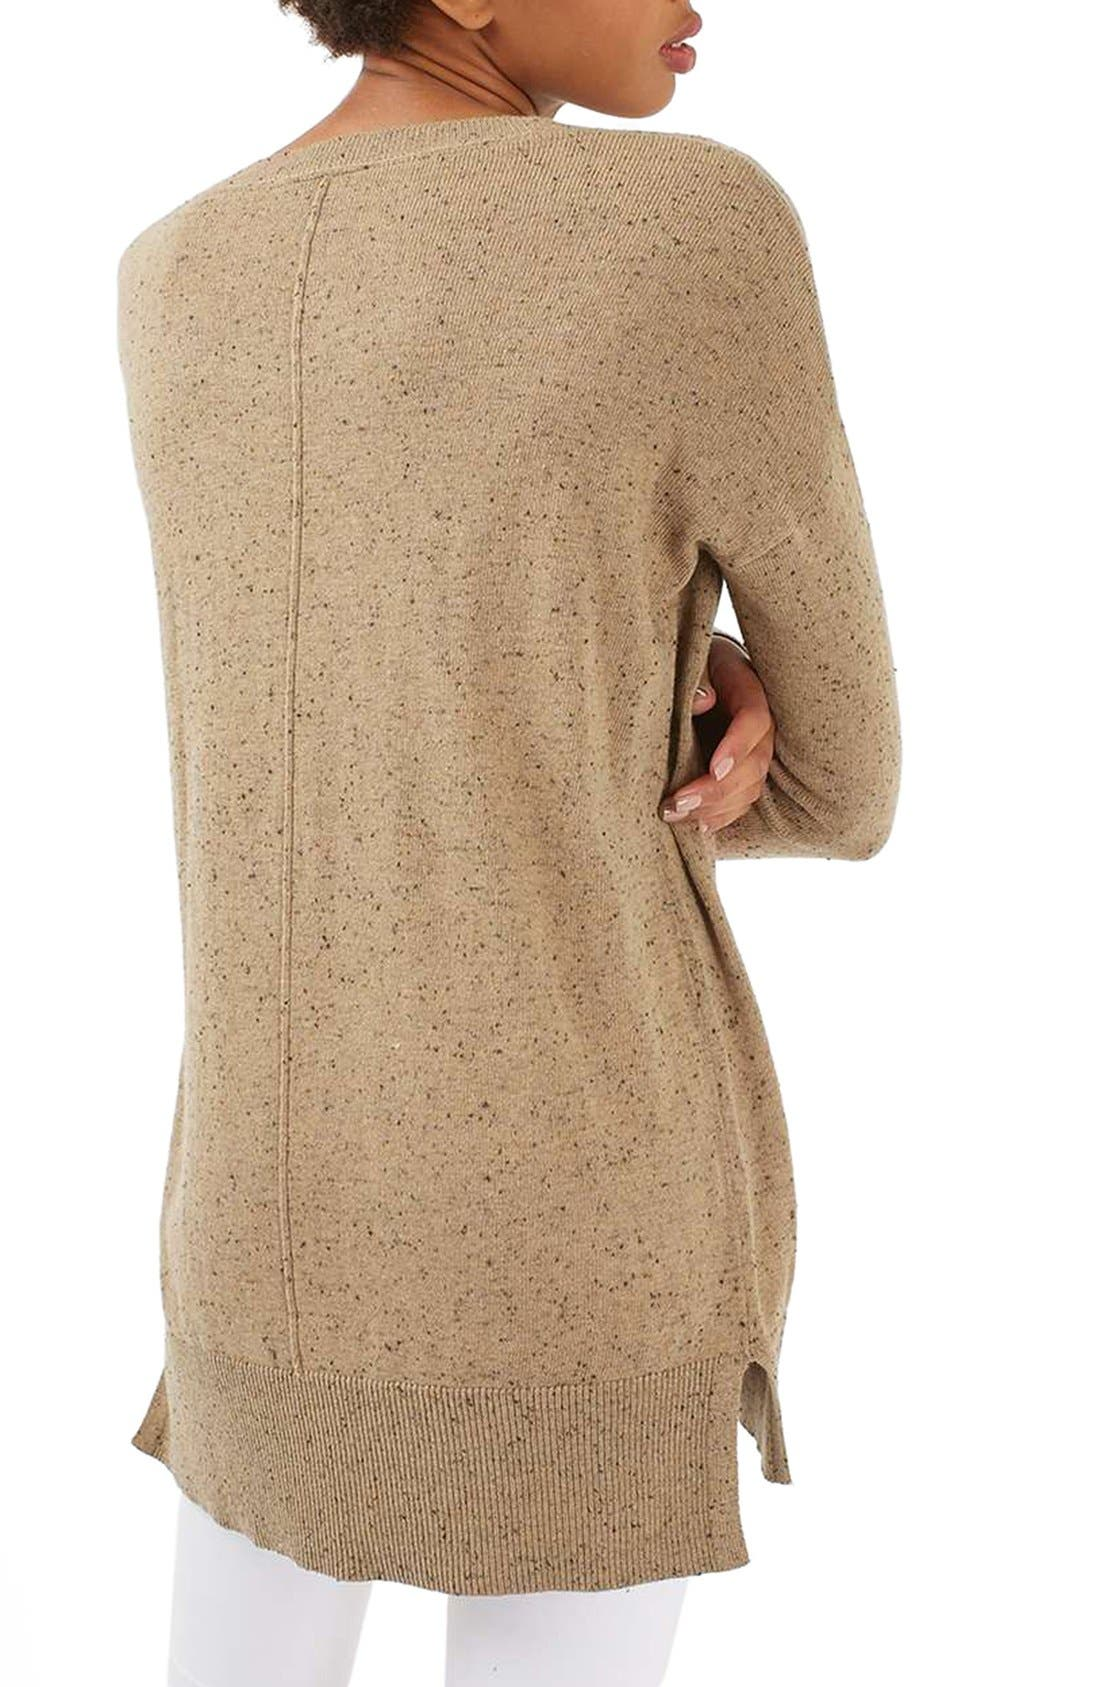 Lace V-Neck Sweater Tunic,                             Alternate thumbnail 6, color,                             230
──────
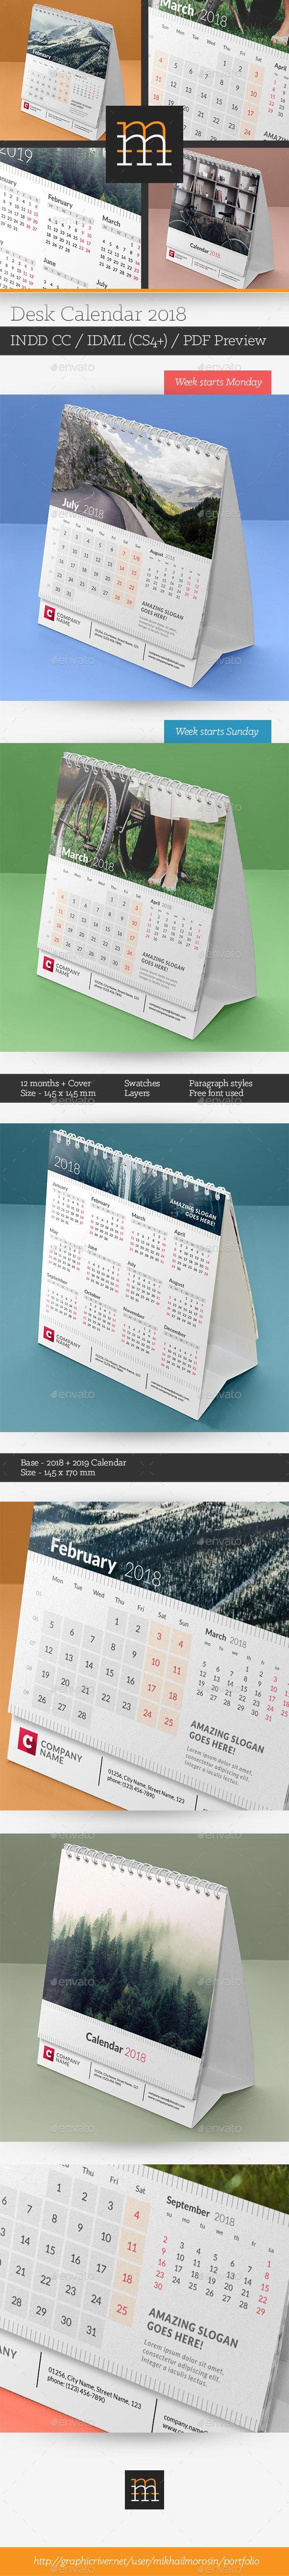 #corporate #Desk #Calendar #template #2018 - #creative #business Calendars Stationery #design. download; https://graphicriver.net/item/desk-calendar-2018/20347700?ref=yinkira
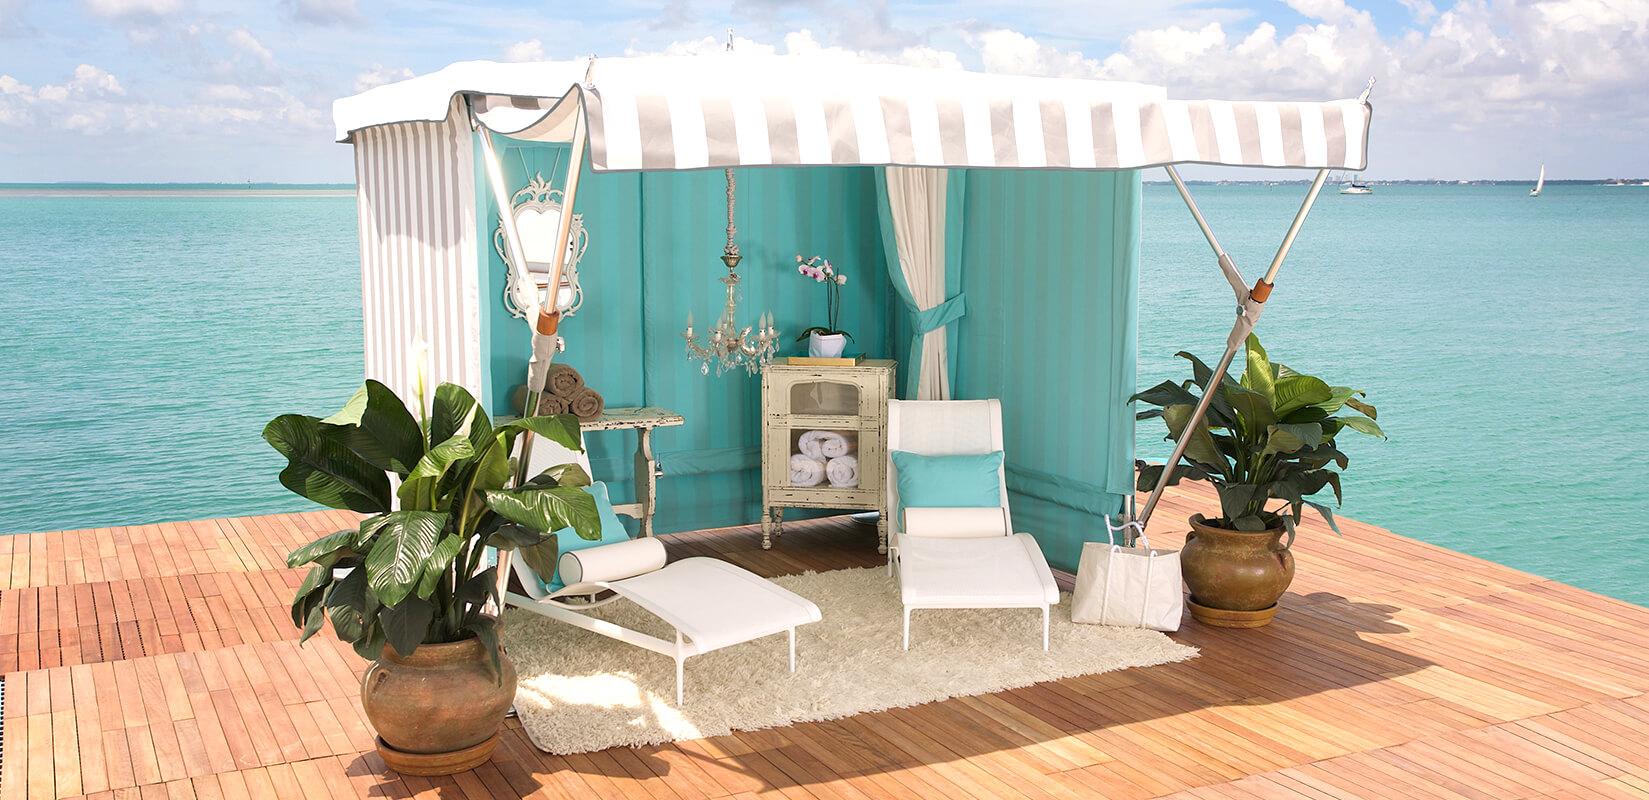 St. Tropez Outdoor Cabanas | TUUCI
──────
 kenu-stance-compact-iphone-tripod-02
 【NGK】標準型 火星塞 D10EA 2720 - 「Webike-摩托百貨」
──────
Would you quote everything above from the line containing "kenu-stance-compact-iphone-tripod-02" down to the line containing "2720 - 「Webike-摩托百貨」"? Include both of those lines and nothing else.

 kenu-stance-compact-iphone-tripod-02
 【NGK】標準型 火星塞 D10EA 2720 - 「Webike-摩托百貨」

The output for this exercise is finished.